Ernie Haynes never imagined that taking care of his three grandsons after his daughter’s drug overdose death would turn him into a felon at the hands of a longtime Ohio prosecutor known to sidestep the rules intended to protect a defendant’s rights in criminal trials.

A week after his daughter died in December 2017, the court granted temporary custody of the children to their biological father, a man Haynes said also struggled with drug addiction. When Haynes refused to give up his grandchildren, Wood County authorities arrested him and charged him with six counts of abduction. The action sparked a five-year legal battle to clear his name.

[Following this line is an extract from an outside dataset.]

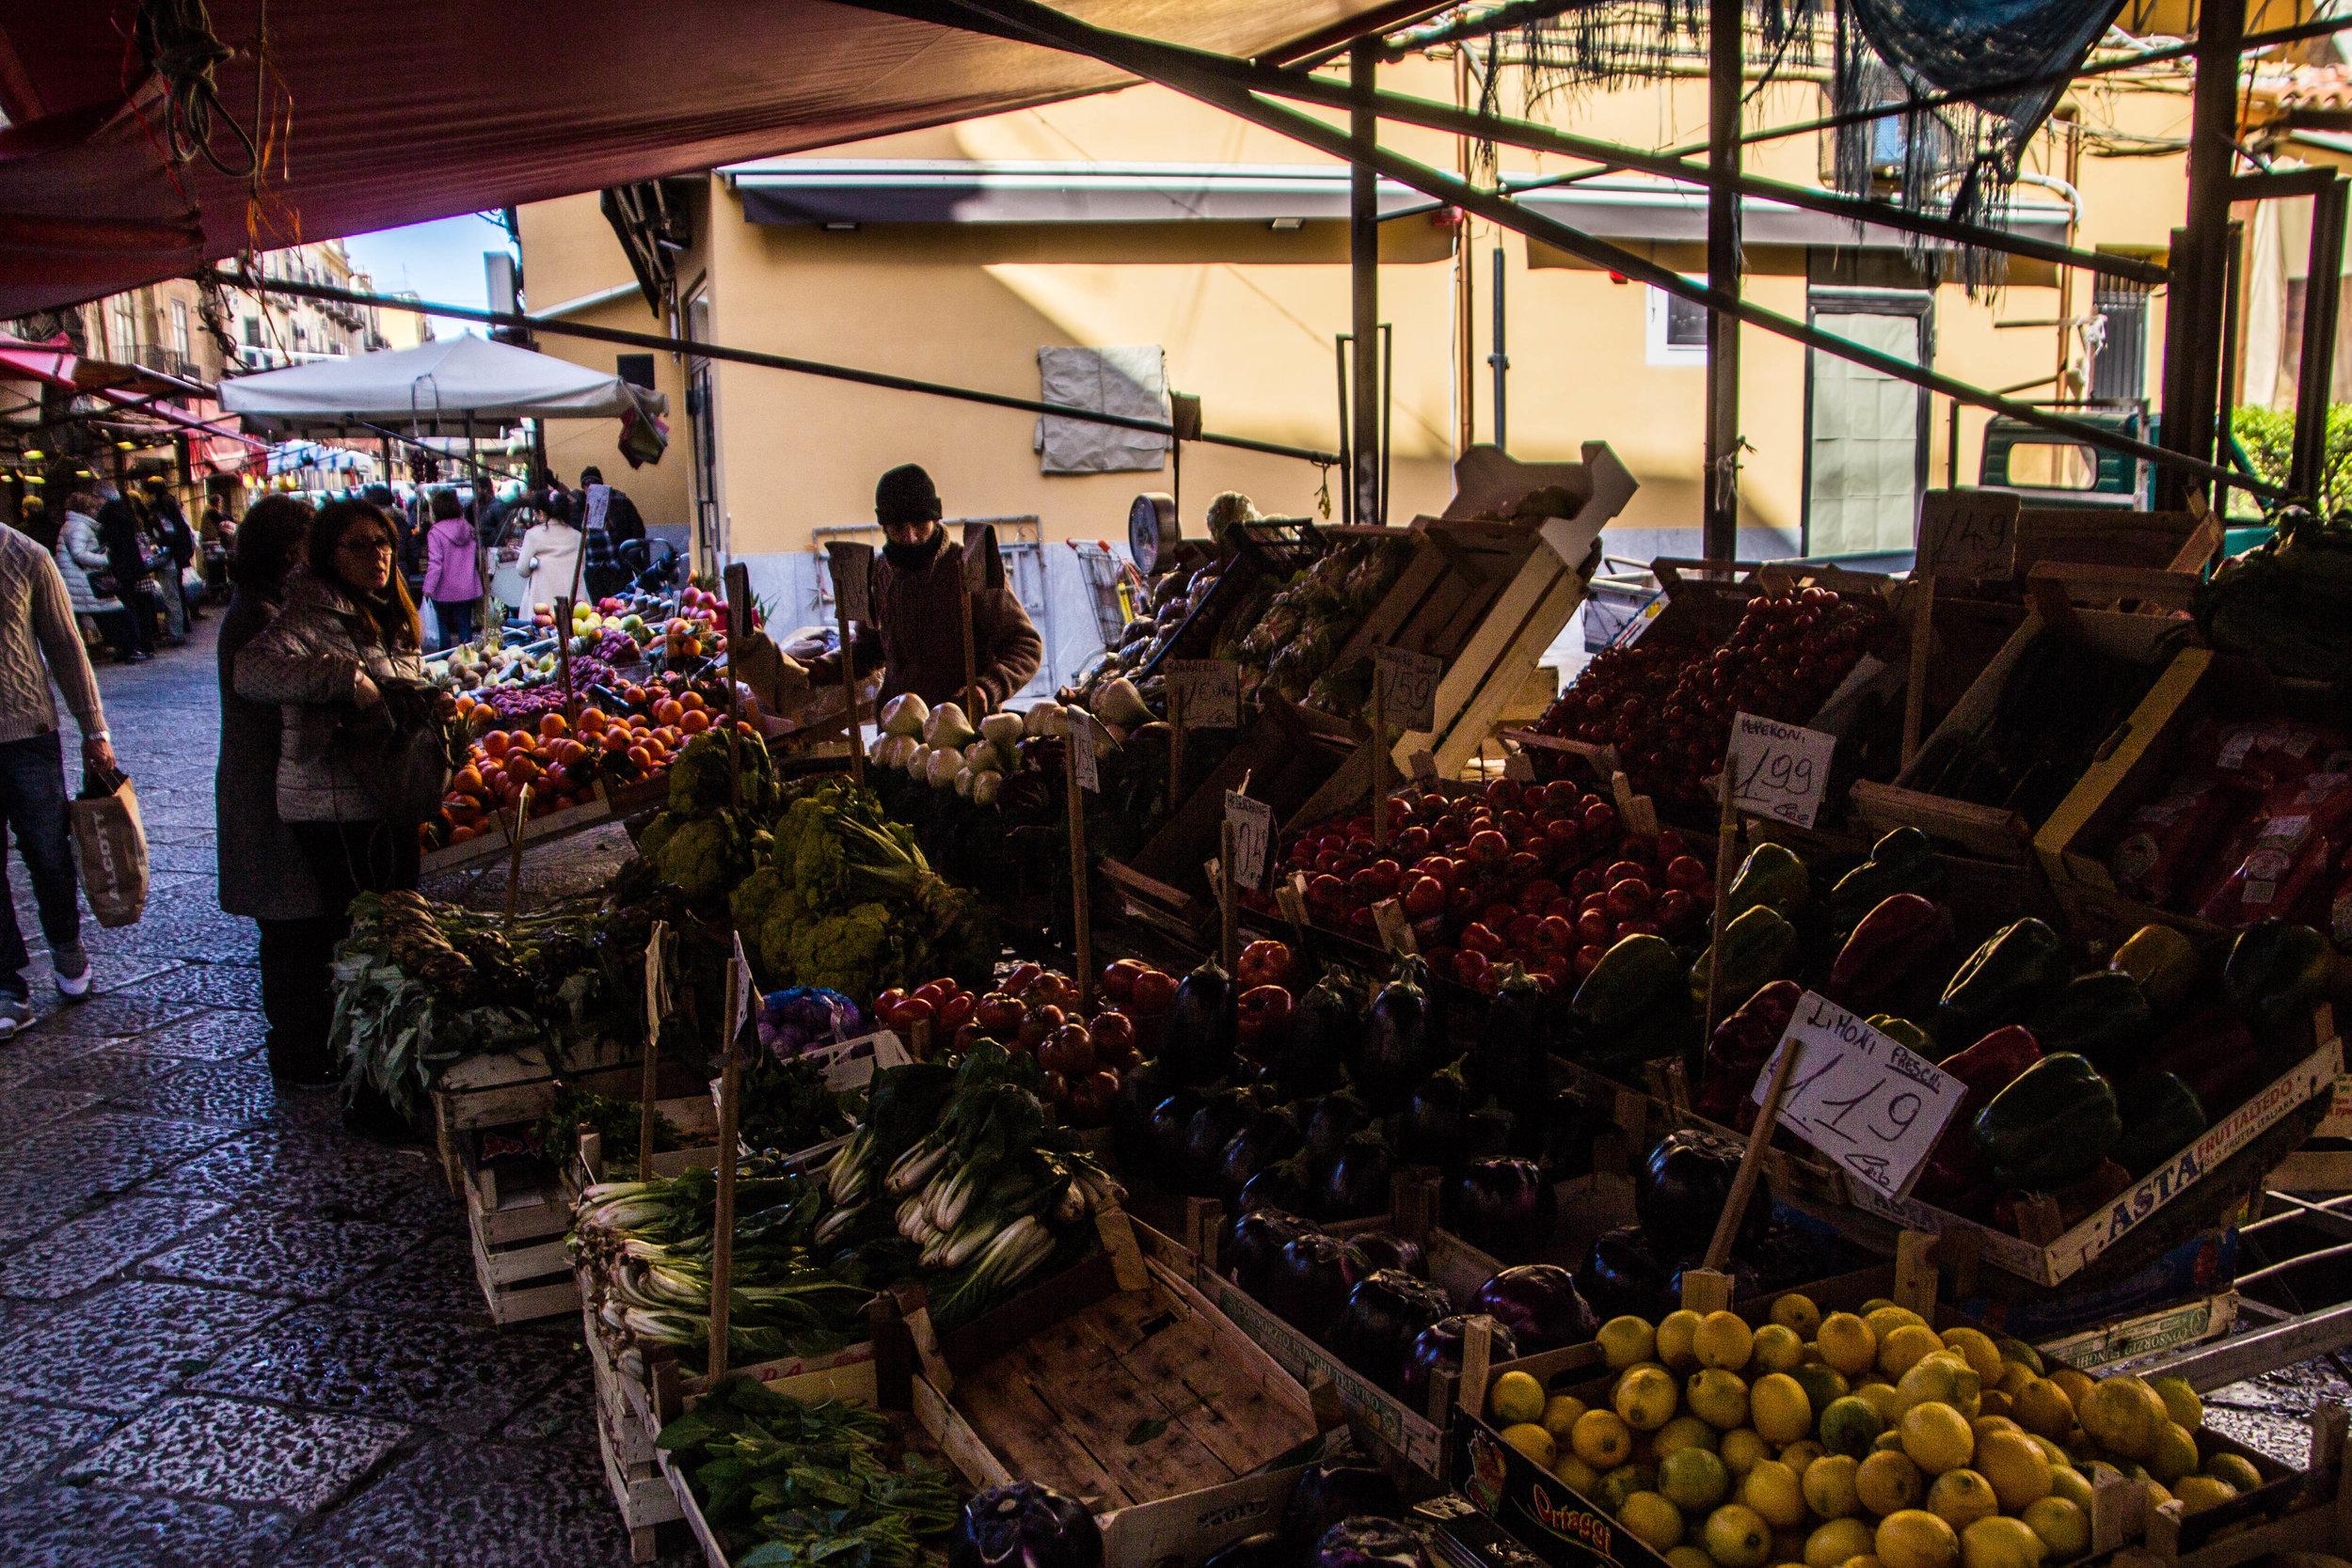 street-markets-palermo-sicily-7.jpg

“We never got to grieve … because immediately we were plunged into this hell,” said Haynes’ wife, Marcella Haynes.

Ernie Haynes, 59, didn’t know it, but the assistant prosecutor who would try his case, Thomas Matuszak, had a track record of repeatedly violating legal standards to sway juries at trials and win convictions, according to court findings. He would do the same in Haynes’ case.

And it wouldn’t be the last.

Matuszak is one of about 100 prosecutors across Ohio who the courts found had violated standards meant to preserve a defendant’s civil rights in criminal trials, an investigation by Columbia Journalism Investigations, NPR and member station WVXU in Cincinnati, and The Ohio Newsroom found. He is one of 13 who did so more than once. Together, these 13 prosecutors accounted for nearly one-third of the 104 cases in the state where courts found that prosecutors acted improperly.